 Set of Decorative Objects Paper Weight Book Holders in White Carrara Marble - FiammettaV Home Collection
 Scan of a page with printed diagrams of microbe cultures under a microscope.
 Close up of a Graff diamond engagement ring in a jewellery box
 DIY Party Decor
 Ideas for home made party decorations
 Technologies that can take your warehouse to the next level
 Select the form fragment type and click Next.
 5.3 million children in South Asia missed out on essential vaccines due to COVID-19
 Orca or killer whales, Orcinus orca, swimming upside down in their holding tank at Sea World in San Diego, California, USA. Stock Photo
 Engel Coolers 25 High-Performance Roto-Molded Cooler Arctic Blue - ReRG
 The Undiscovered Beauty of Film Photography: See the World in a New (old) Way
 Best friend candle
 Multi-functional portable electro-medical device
------------------------------------------------
- Task to complete
Every line above that includes the string "World" needs to be copied.

- Exercise output
 Orca or killer whales, Orcinus orca, swimming upside down in their holding tank at Sea World in San Diego, California, USA. Stock Photo
 The Undiscovered Beauty of Film Photography: See the World in a New (old) Way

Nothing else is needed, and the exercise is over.